What is the point of these questions?
The point is that a heat pump and an engine working together, regardless of if that is considered possible or not, does not necessitate that both work between the same two "reservoirs".
I also kind of object to the use of the colloquial term "reservoir" as used in relation to HEAT as the term "Heat reservoir" was coined when heat was still considered an actual fluid. A reservoir being by definition, a place or container for storing a fluid. Heat is not a fluid and continuing to think of heat in terms of a fluid is false and numbs the brain.
By way of explanation, I just came here out of curiosity to see why the topic starter (Low-Q) wanted to use the diagram I posted in another forum.
Naturally I find the topic mater interesting and couldn't help getting drawn in. My apologies.
A heat pump, stripped of all its non-essentials does not IMO depend for its operation in any way on the existence of two pre-existing "reservoirs".
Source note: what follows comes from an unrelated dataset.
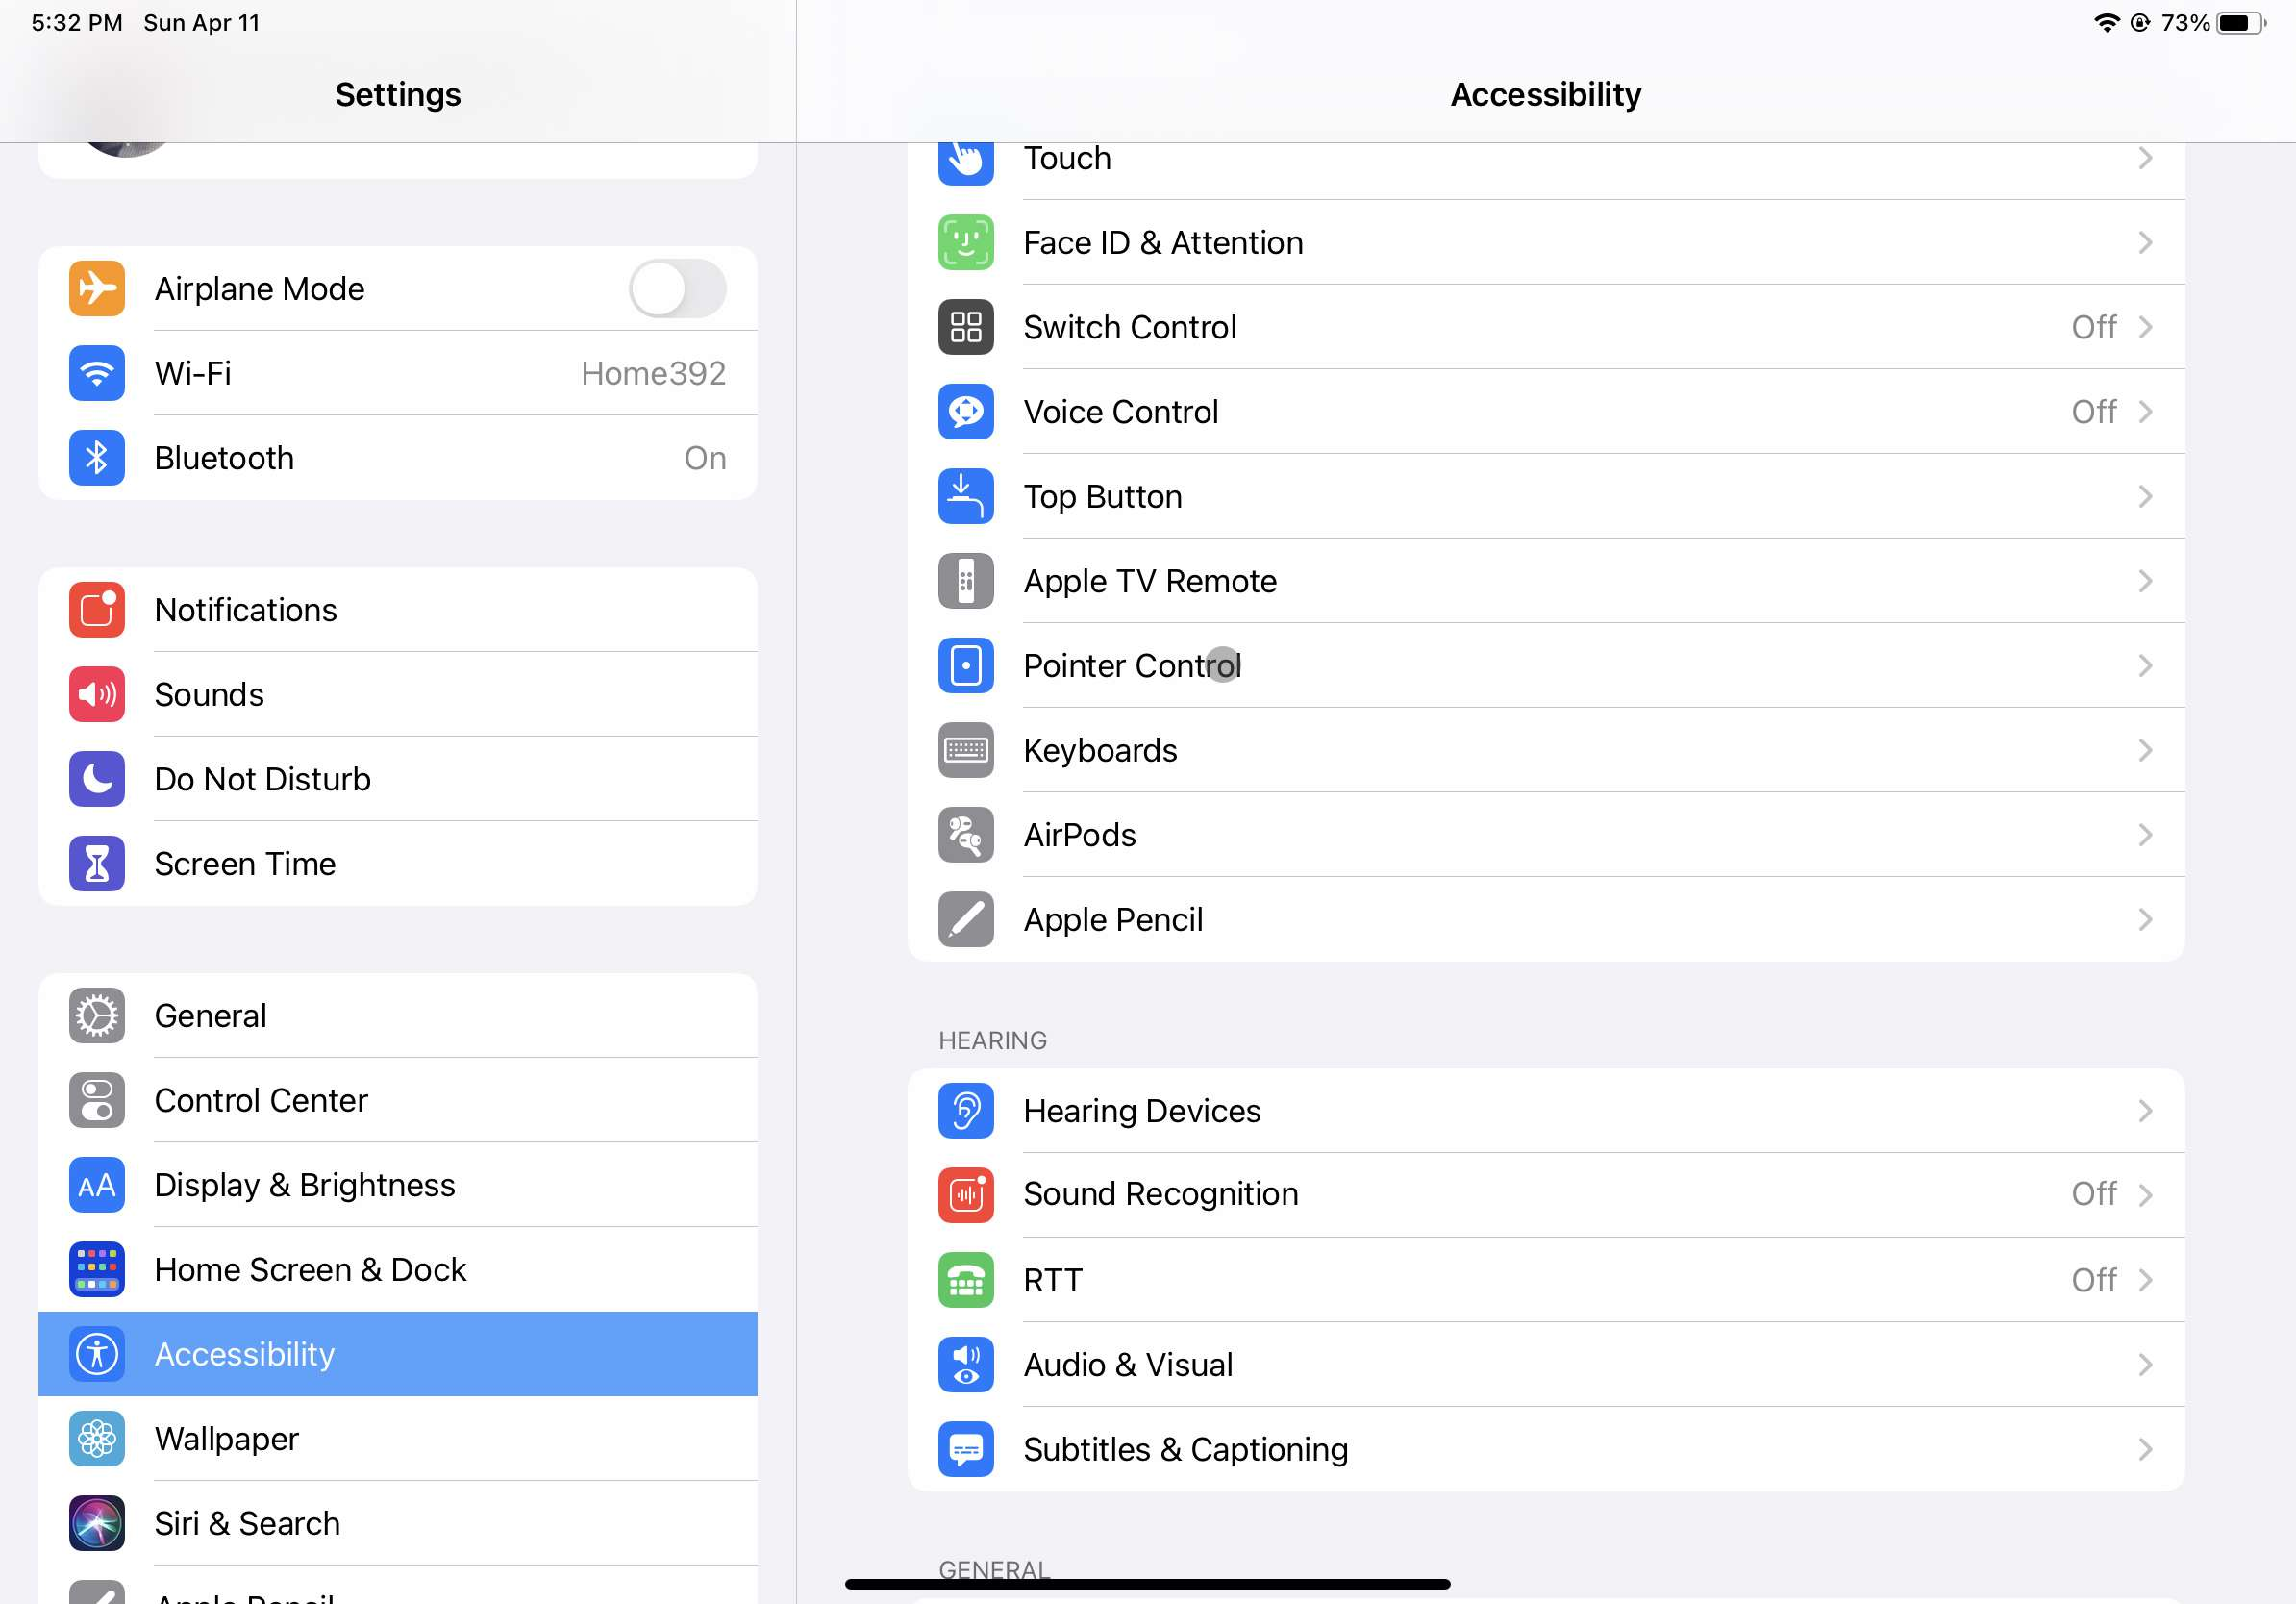 Screenshot of the iPad Accessibility menu
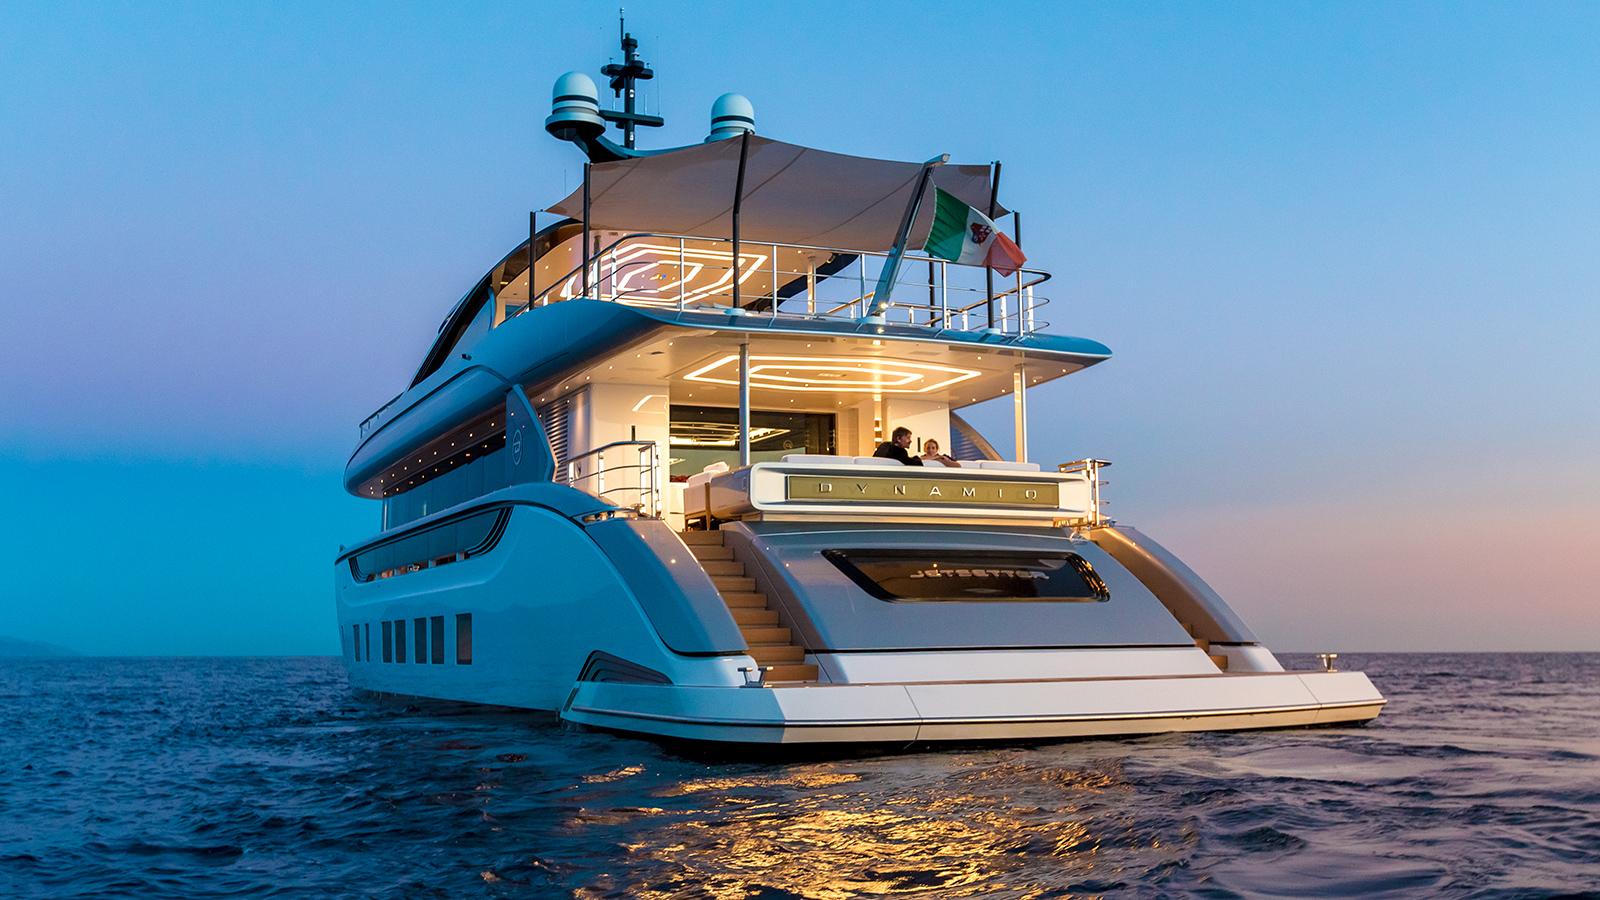 the-transom-of-dynamiq-super-yacht-jetsetter

Take the actual working unit out of whatever its in and set it on a table in a room where everything is the same temperature and there are no TWO separate Hot and Cold areas of any kind with any temperature difference that can be measured with a thermometer.
Plug it in and a temperature difference is CREATED.
The condenser coil gets hot and the expansion coil gets cold. If you want to call these coils "reservoirs" I guess that's fine but I think it is very misleading. At any rate, the heat pump does not depend on this temperature difference for its operation. It creates the temperature difference where there wasn't one before.
To insist that it is more or less efficient depending on the temperature of the two "reservoirs" is, I think, also misleading. It works to create a temperature difference sitting on a table. The idea of efficiency to heat your home or cool your food has to do with the specific application. Sitting on a table, not applied to anything, not being used to heat or cool any two different spaces it works to create a temperature difference where there was none before just the same.